- Dataset excerpt -
◇ ◇ ◇ ◇
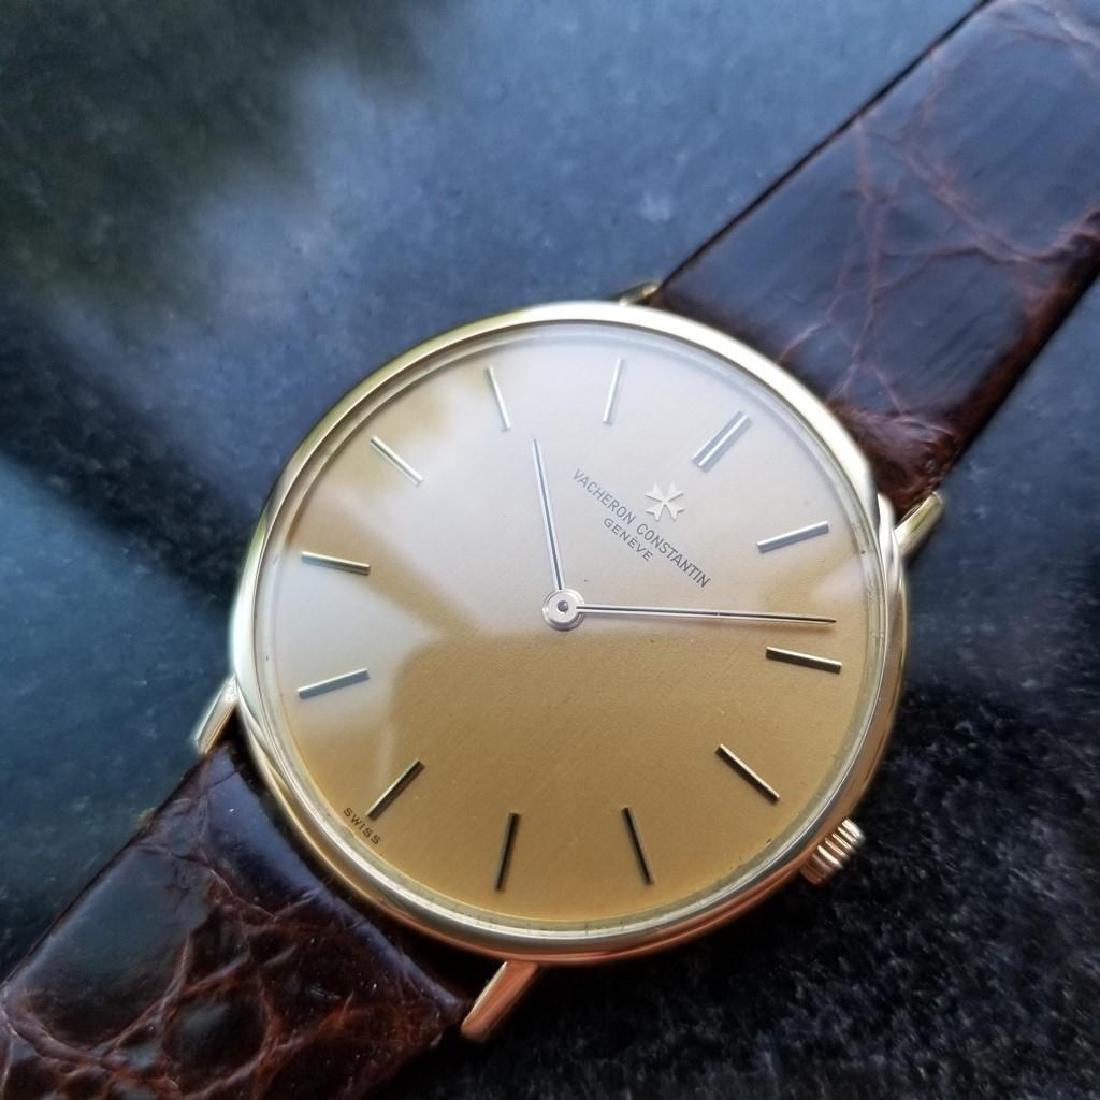 VACHERON CONSTANTIN Men's 18K Gold Geneve Dress Watch
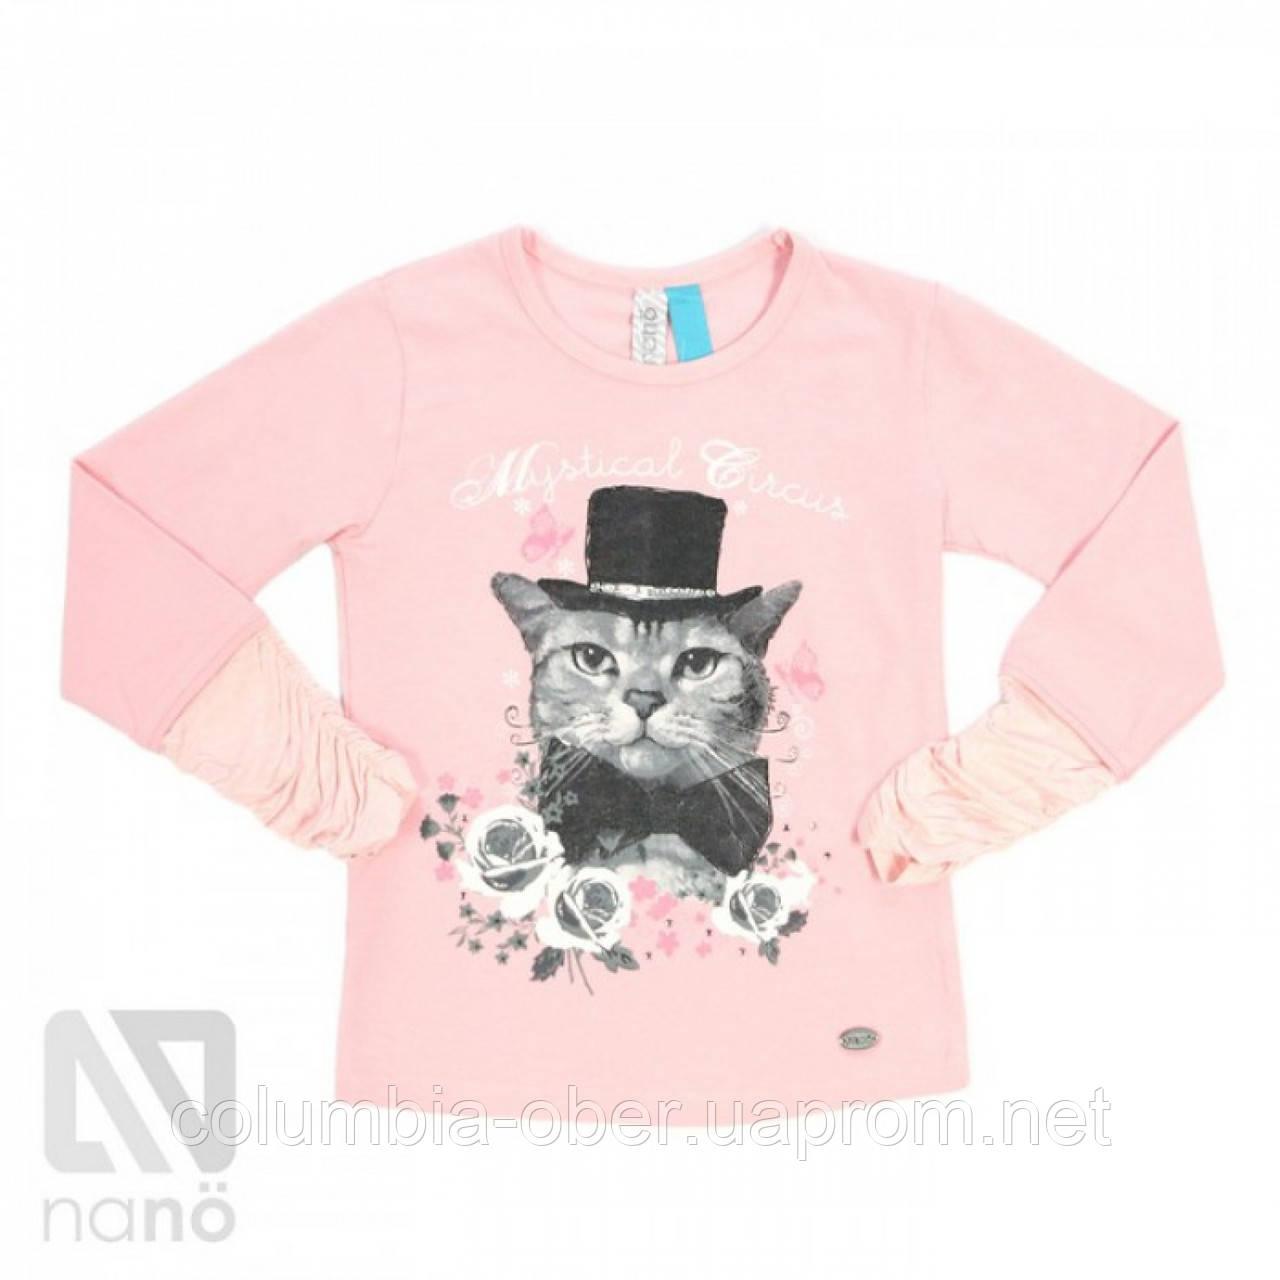 Блуза для девочки Nano F1422-01 Soft Rose. Размеры 92-142.
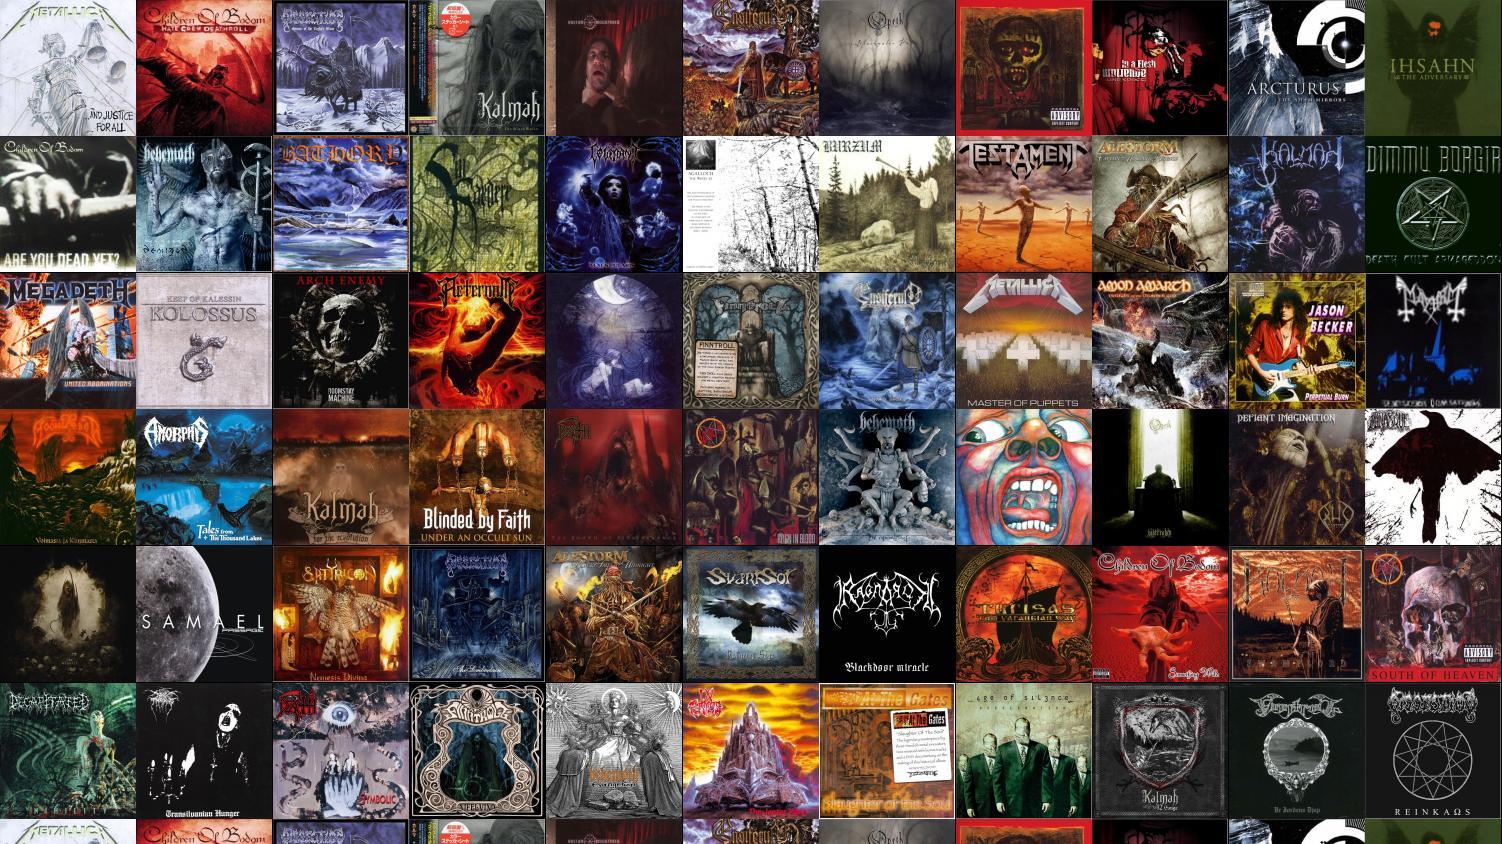 Metallica And Justice For All Children Bodom Hatecrew Wallpaper 1502x844
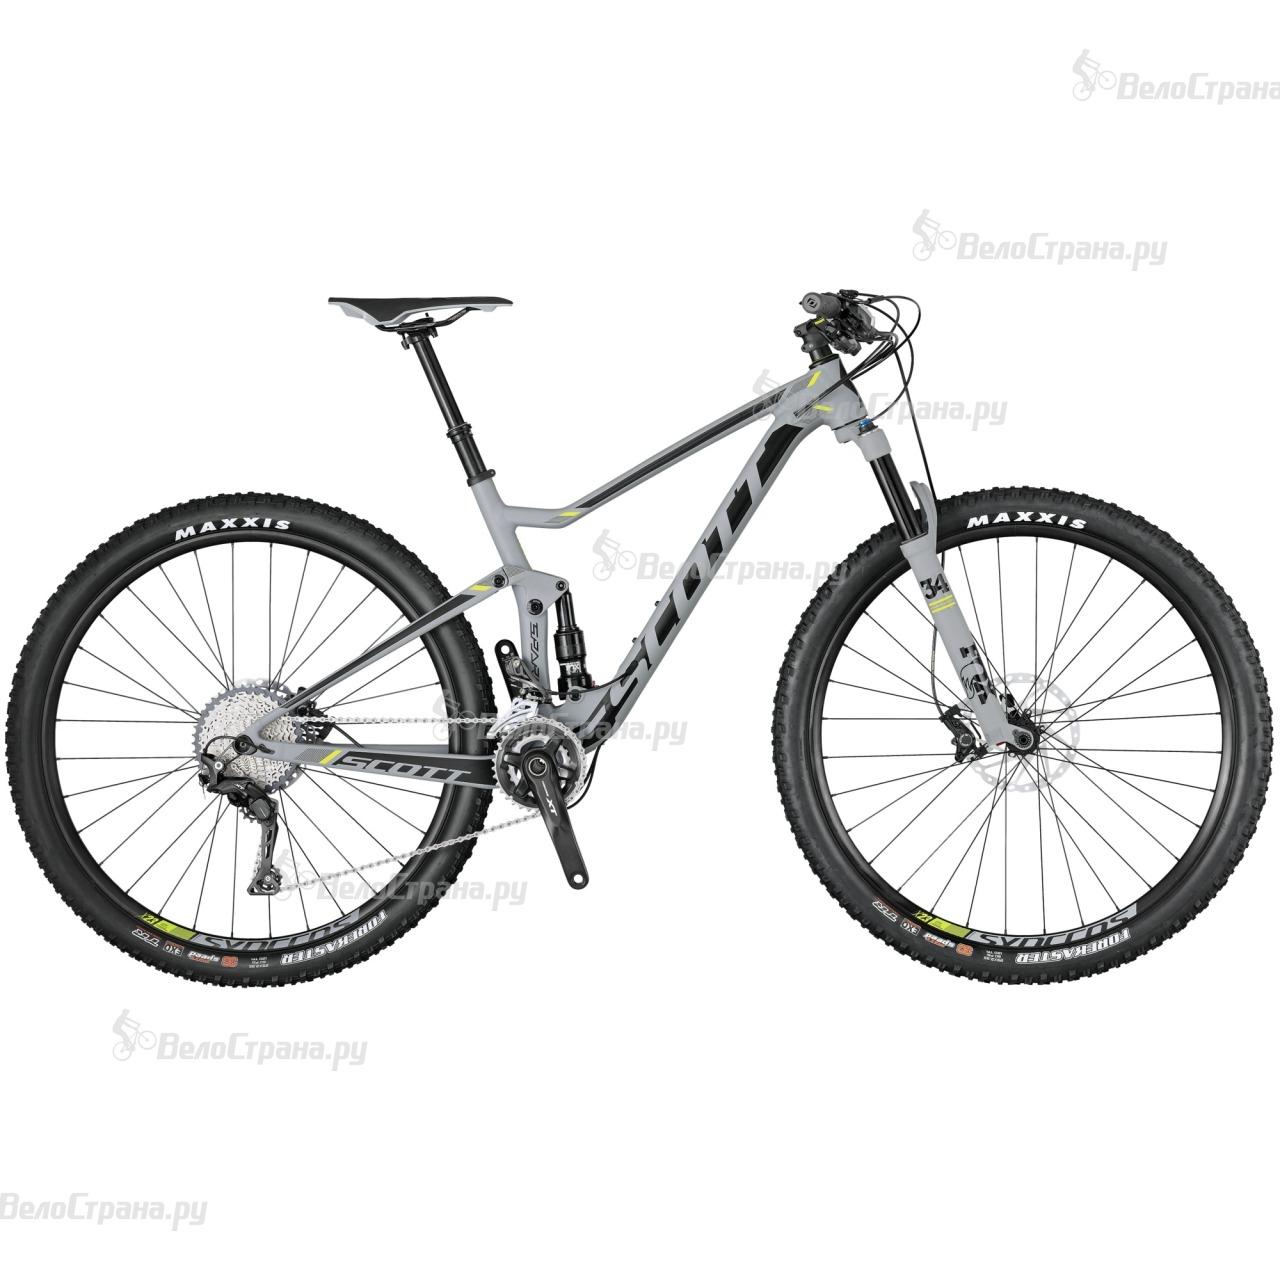 Велосипед Scott Spark 740 (2017) scott spark 740 2017
◇ ◇ ◇ ◇
- Exercise goal -
Please reproduce verbatim the lines from the line with "Metallica And Justice" through the final line of the listing, inclusive of both ends. Omit all pictures.

- Answer to this problem -
 Metallica And Justice For All Children Bodom Hatecrew Wallpaper 1502x844
 Велосипед Scott Spark 740 (2017) scott spark 740 2017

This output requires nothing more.